International BusinessRatio of volatile capital to forex reserves moves up in FY09
The ratio of volatile capital flows, consisting of cumulative portfolio investments and short-term debt, to India’s foreign exchange reserve moved up to 51.1 per cent at March 2009-end from 45.4 per cent a year ago.
There share in the forex reserves was 46.2 per cent at end of 2006-07. With expansion in the coverage of short-term debt, the ratio further increased to 14.1 per cent at end-March 2007, to 15.2 per cent at end-March 2008 and then to 19.6 per cent at end-March 2009, according to Reserve Bank of India (RBI) data.
Referring to India’s gold reserves, RBI said it holds about 357 tonnes of gold forming about 3.8 per cent of the total foreign exchange reserves in value terms at end March, 2009. Of these, 65 tonnes are being held abroad since 1991 in deposits/safe custody with the Bank of England and the Bank of International Settlement (BIS).

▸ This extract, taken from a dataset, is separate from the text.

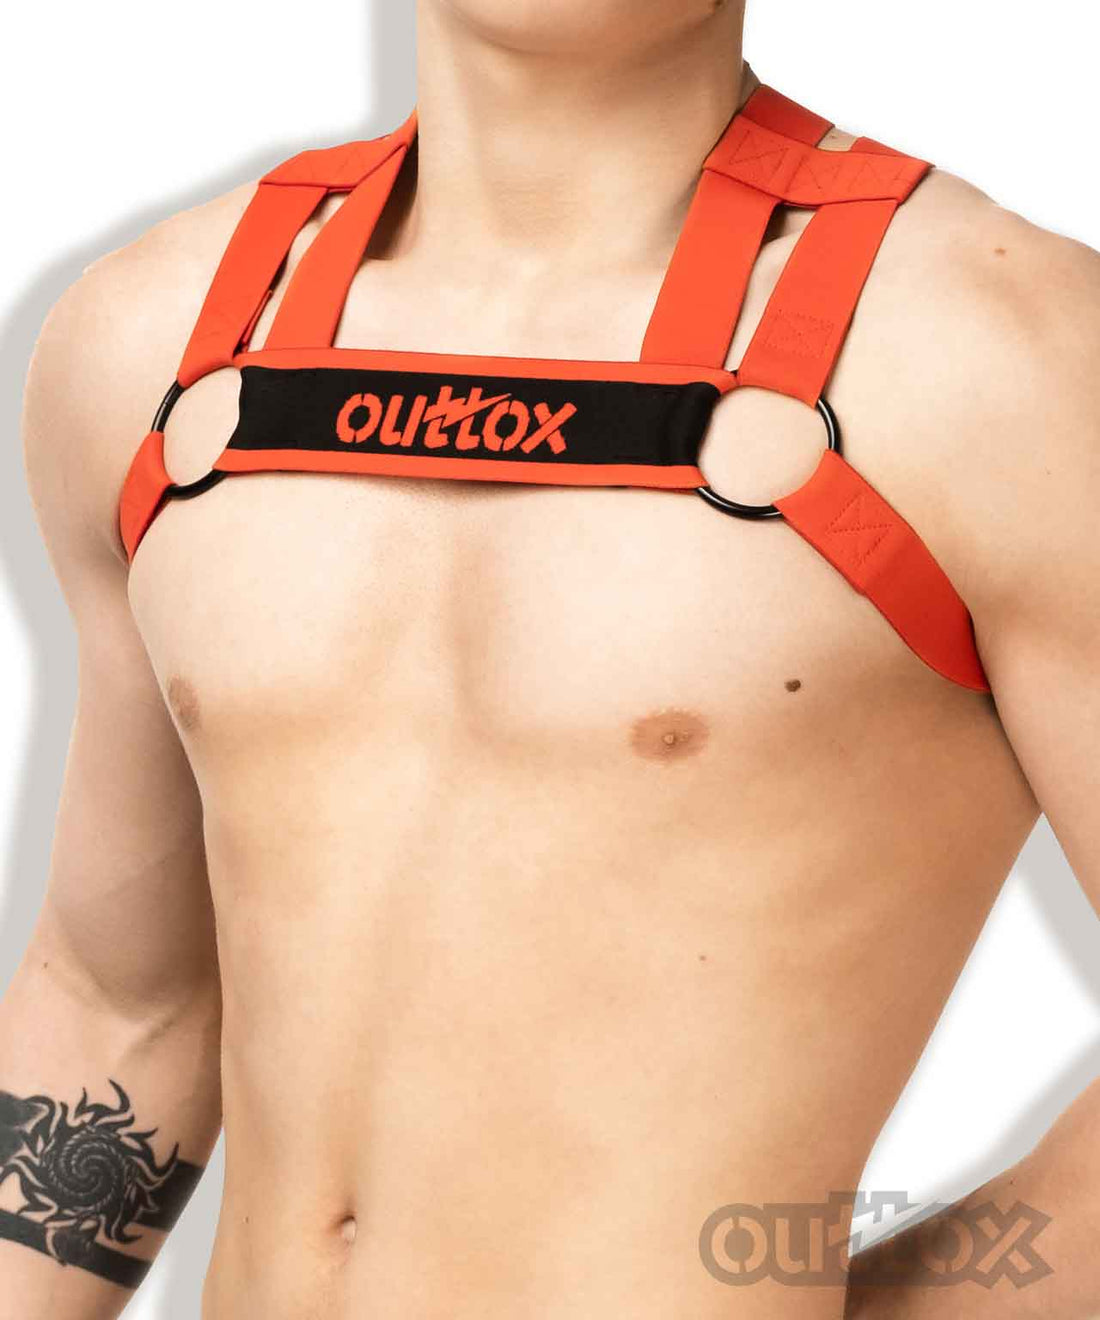 Outtox. Bulldog harness. Red

The import cover of reserves was 16.9 months at end March 2004, which came down to 14.4 months as at end-March 2008 and further to 10.3 months as at end-March 2009.
The reserve adequacy for import cover of reserves had fallen to a low of three weeks of imports at end-December 1990. It moved up to 11.5 months of imports at end-March 2002 and increased further to 14.2 months of imports or about five years of debt servicing at end-March 2003.